米国テキサス州ヒューストンで開幕したダッソー・システムズ主催の年次ユーザーイベント「3DEXPERIENCE World 2026」の初日のゼネラルセッションでは、AI活用の方向性が示されるとともに、「AURA」に続く2つの新たなバーチャルコンパニオンの発表が行われた。講演の模様をダイジェストで紹介する。
米国テキサス州ヒューストンで開幕したダッソー・システムズ主催の年次ユーザーイベント「3DEXPERIENCE World 2026」(会期:同年2月1〜4日[現地時間]/会場:ジョージ R.ブラウン コンベンションセンター)では、ゼネラルセッションの初日(同年2月2日)から、AI(人工知能)が最大のテーマとして扱われた。
同社は、AIを単なるツールではなく、設計/シミュレーション/製造のワークフロー全体において、設計者をはじめとするエンジニアの業務を支えるエンジン、すなわちエンジニアの力を増幅させる装置(増幅器)として位置付けており、エンジニアリングの力によってAIを動かし、イノベーションの創出につなげるものだと強調する。
その象徴が、前回の「3DEXPERIENCE World 2025」で発表された「Virtual Companions(仮想空間のアシスタント機能/バーチャルコンパニオン)」である。これはブラックボックスでも、エンジニアの代わりに判断を下すパイロットでもなく、AIの力を活用してさまざまな作業を支援しながらも、最終的な決定や責任はあくまでエンジニアに委ねる“仲間/パートナー”としての役割を担う。
2025年11月にリリースされた「SOLIDWORKS 2026」でも提供が始まったバーチャルコンパニオン「AURA」に続き、今回の3DEXPERIENCE World 2026では、新たに「LEO」と「MARIE」が発表された(詳細およびデモ動画は後述)。この3つのバーチャルコンパニオンは、それぞれ役割を分担しながら三位一体で協調し、エンジニアが求める最適解の導出を支援する。

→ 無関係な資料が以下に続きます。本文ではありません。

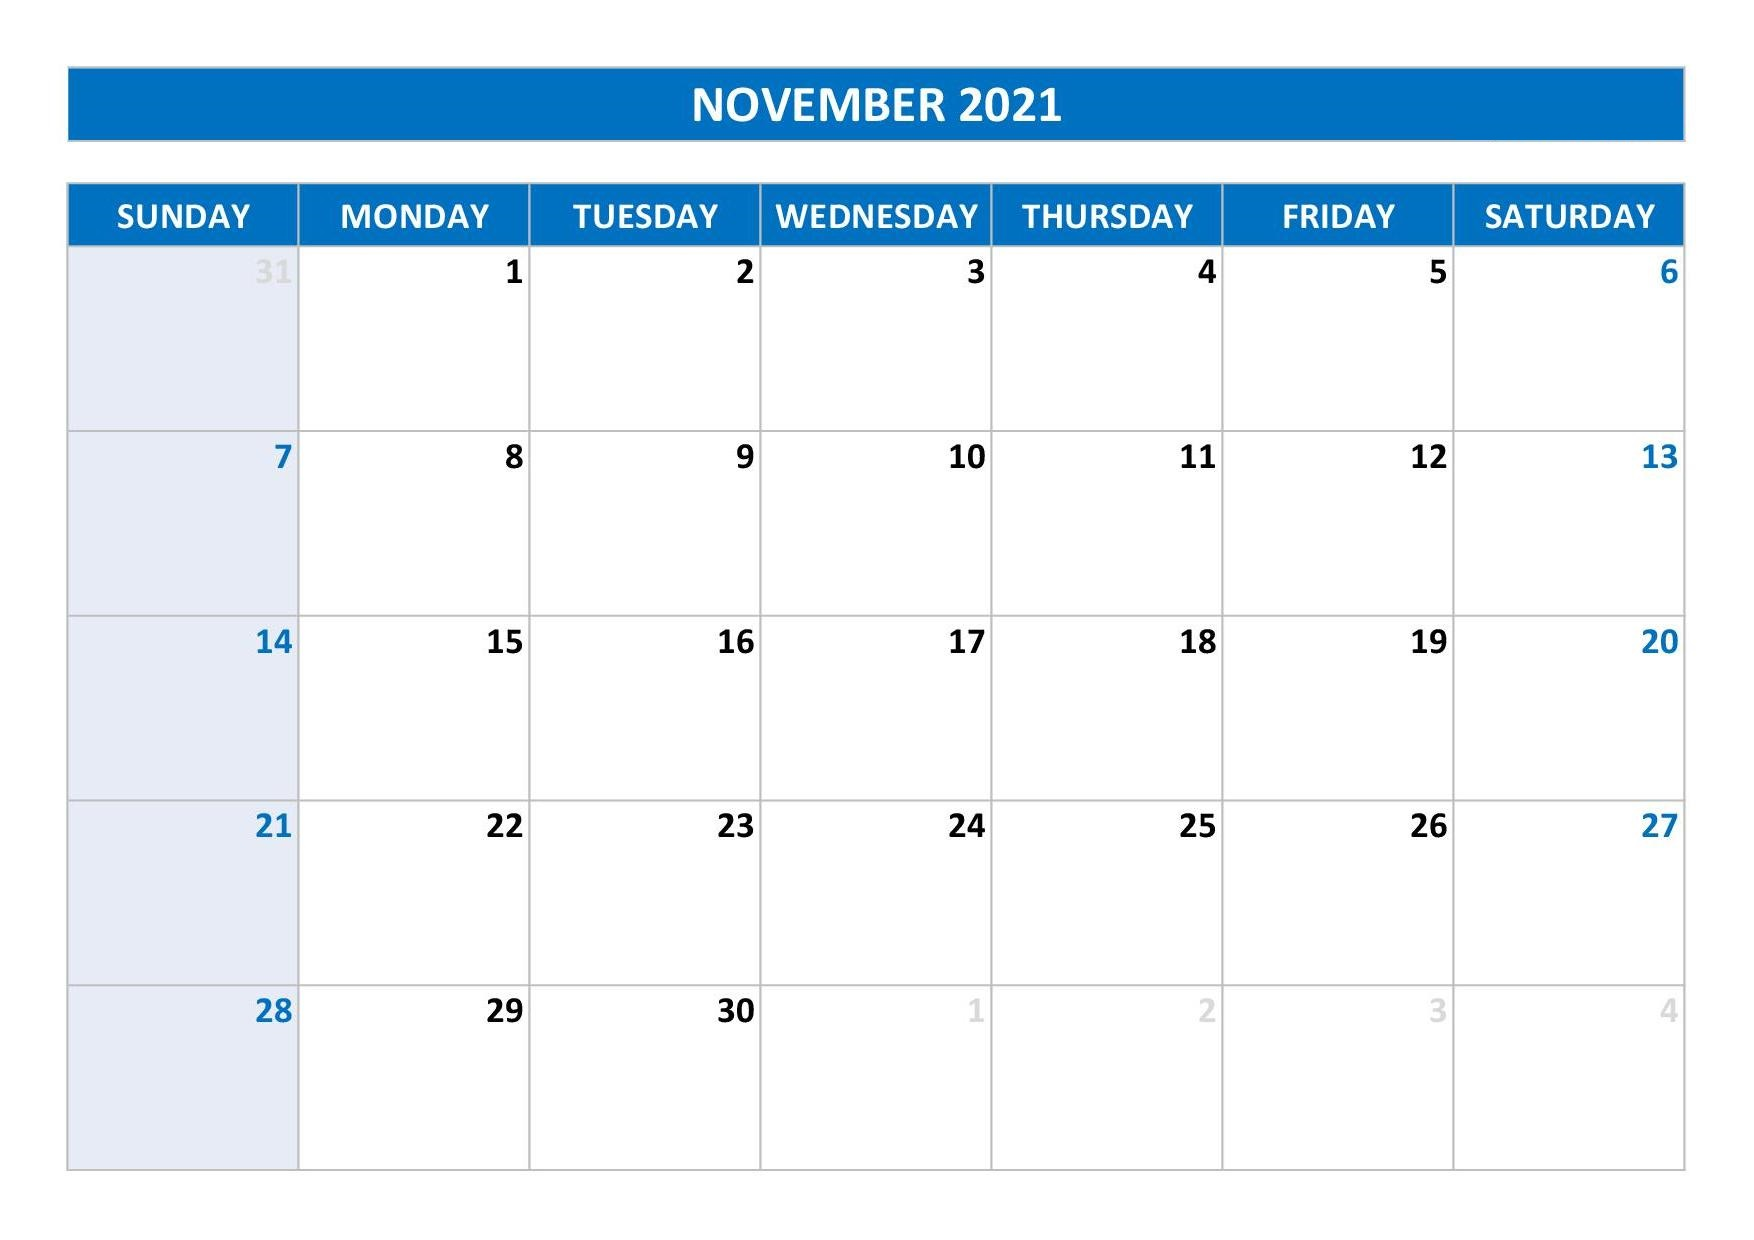 November 2021 Calendar Template Design for PPT

以下、初日のゼネラルセッションの模様をダイジェストで紹介する。
同社 SOLIDWORKS CEO 兼 R&D担当バイスプレジデントのマニッシュ・クマー氏は、「AIの導入によって一部のタスクは縮小し、役割が変化することは避けられない」としつつも、「価値の源泉は、AIではなくエンジニア自身にある」(クマー氏)と訴える。そして、これから訪れるAIによるイノベーションの波においては、エンジニアの判断、技術、職人技、さらには物理世界でのモノづくりの力が、これまで以上に重要になると語った。
現時点でのAIの存在は、かつて文明や産業を改革した「火」や「蒸気機関」のように、この先どのようなイノベーションにつながるのか予測できない段階にあるが、クマー氏は「その波をけん引するのはクリエイターやエンジニアである」と強調する。
さらに、AIを組み込んだ装置を例に考えると、AIを“脳”とするならば、脳はその動きをつかさどる“身体(メカ)”が必要となる。クマー氏は「AIがパターンを学習できたとしても、機能を実現するには物理の法則を無視することはできない。だからこそ、エンジニアの出番なのだ」と、会場に詰め掛けたSOLIDWORKSユーザーに呼び掛けた。